Third, by assuming that tuberculosis deaths in HIV-infected infants are not vaccine-preventable, we have not included the potential effect of BCG vaccination on tuberculosis mortality in this cohort of individuals. BCG is contraindicated in neonates with known HIV infection, unless on antiviral treatment and immunologically stable, because of the increased risk of disseminated BCG disease. Yet, HIV-infected neonates might receive BCG if their HIV status is unknown at birth, the risks and benefits of which have not been accounted for in this research. In addition, coverage in the scenario of BCG vaccination alongside DTP1 might have been overestimated, because HIV status is more likely to be known by this stage, although the number of infants affected is likely to be small.

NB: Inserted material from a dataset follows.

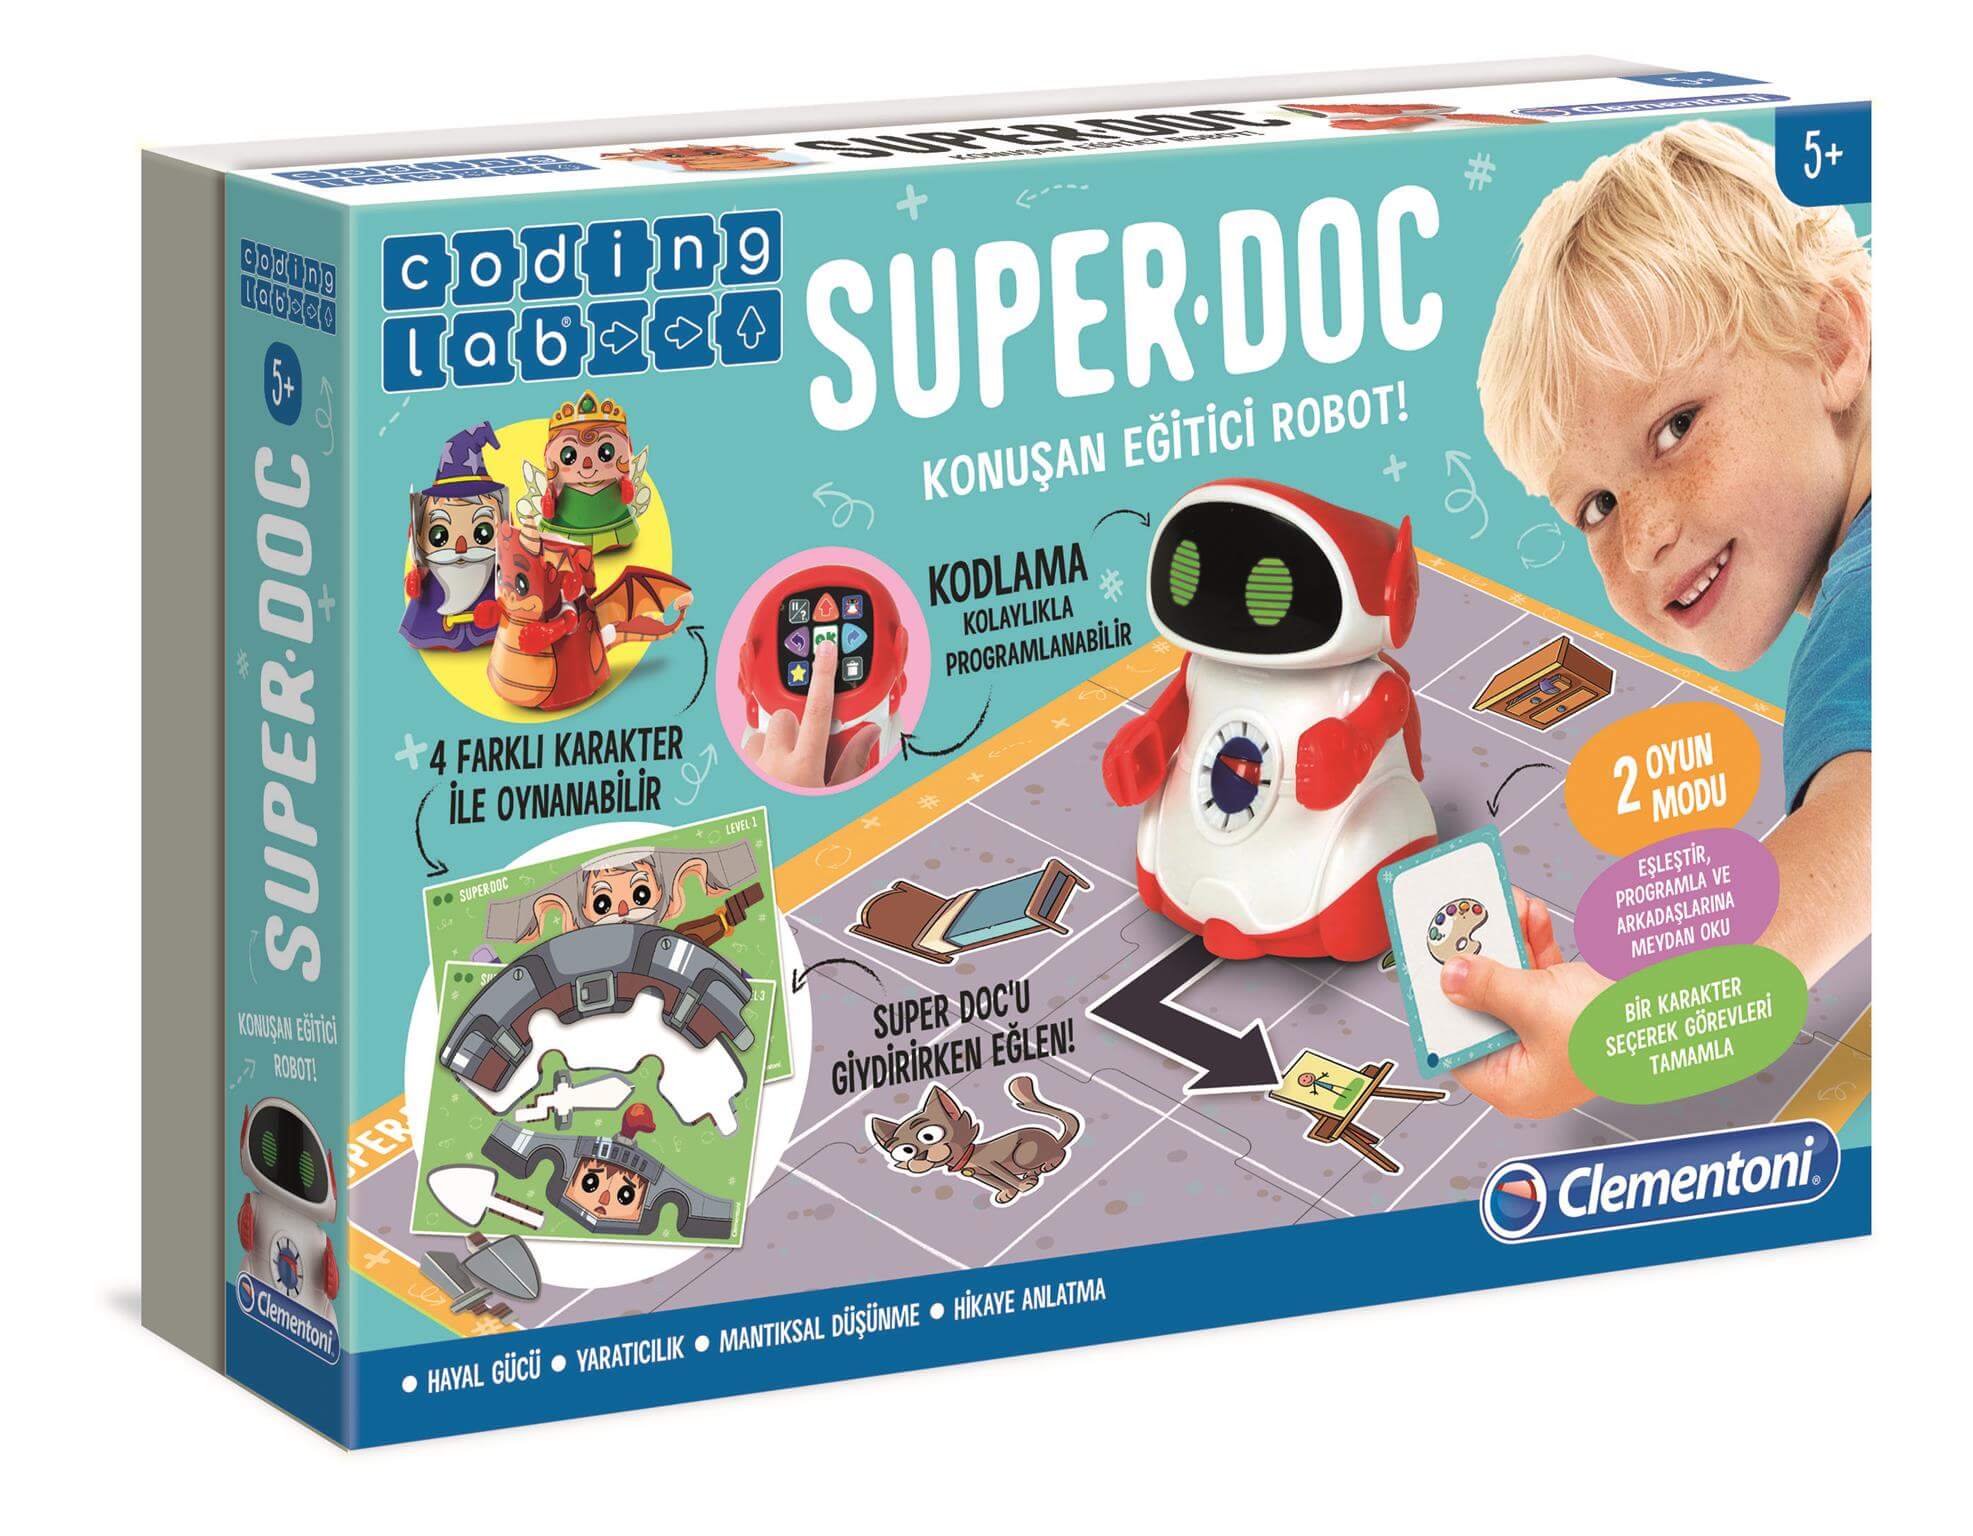 Super DOC-egitici-konusan-robot
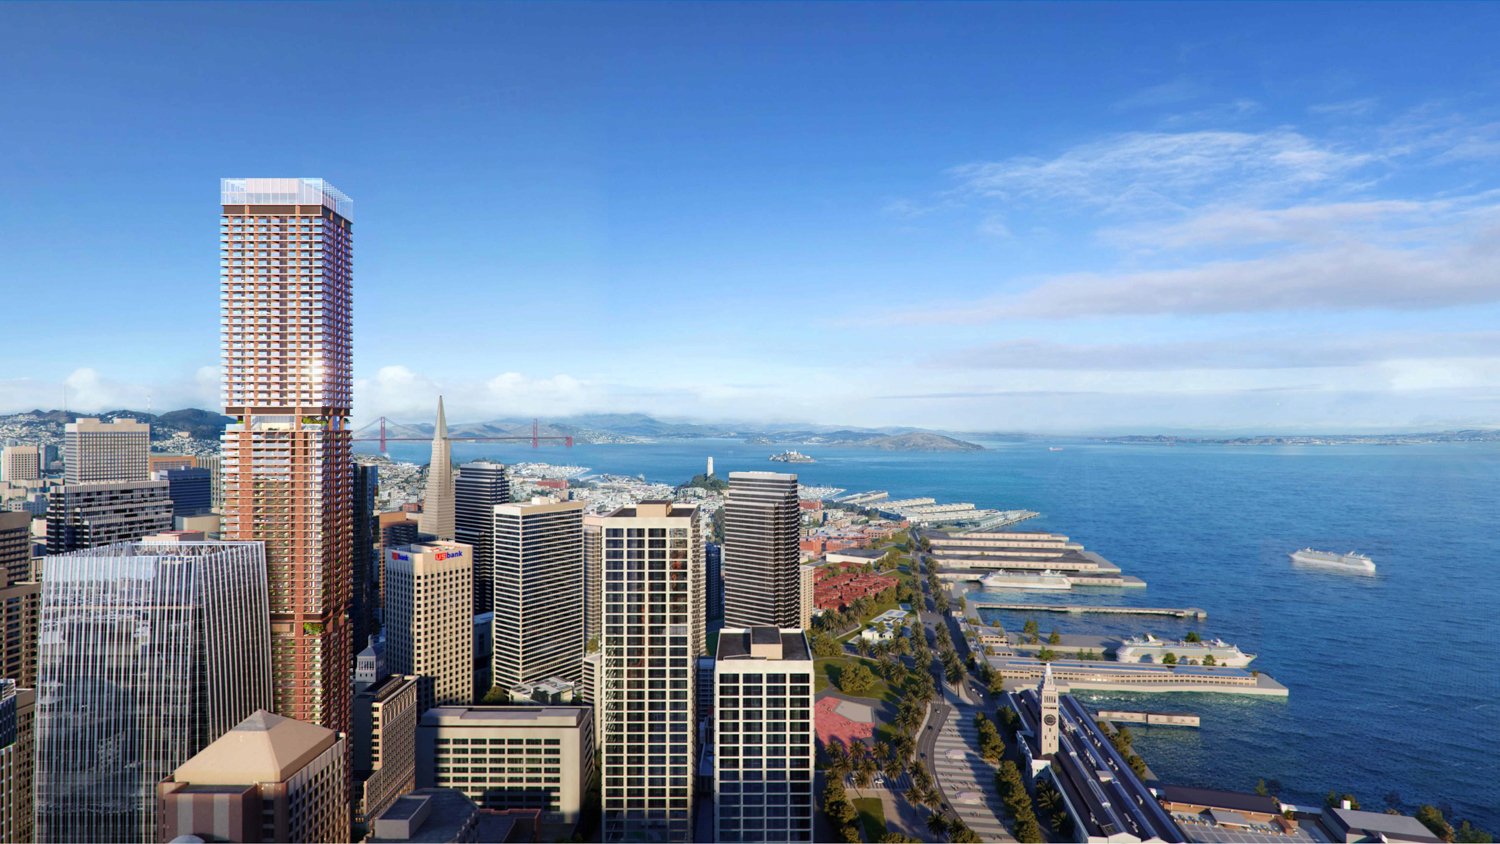 A skyscraper is seen in a rendering.

Finally, because paediatric tuberculosis cases are minimally infectious, we used static modelling. As such, our model does not account for any potential further reduction in cases due to decreased disease transmissibility or indirect vaccine effects, although any potential effect is likely to be small.

In future work, this model could be strengthened by improved information on vaccine efficacy by age and more stratified estimates of age-specific tuberculosis mortality. Whether smaller multidose vials or unrestricted vial-opening policies would lead to improved coverage and reduced delays should also be investigated.

In conclusion, BCG remains a cornerstone of childhood tuberculosis prevention policy, but delays in its administration still exist in many settings. Eliminating these delays and increasing coverage at birth would lead to a substantial reduction in global paediatric tuberculosis mortality. Modelled scenarios whereby BCG is administered later in the infant schedule were all estimated to increase tuberculosis deaths. The WHO recommendation for BCG at birth should be maintained and emphasised.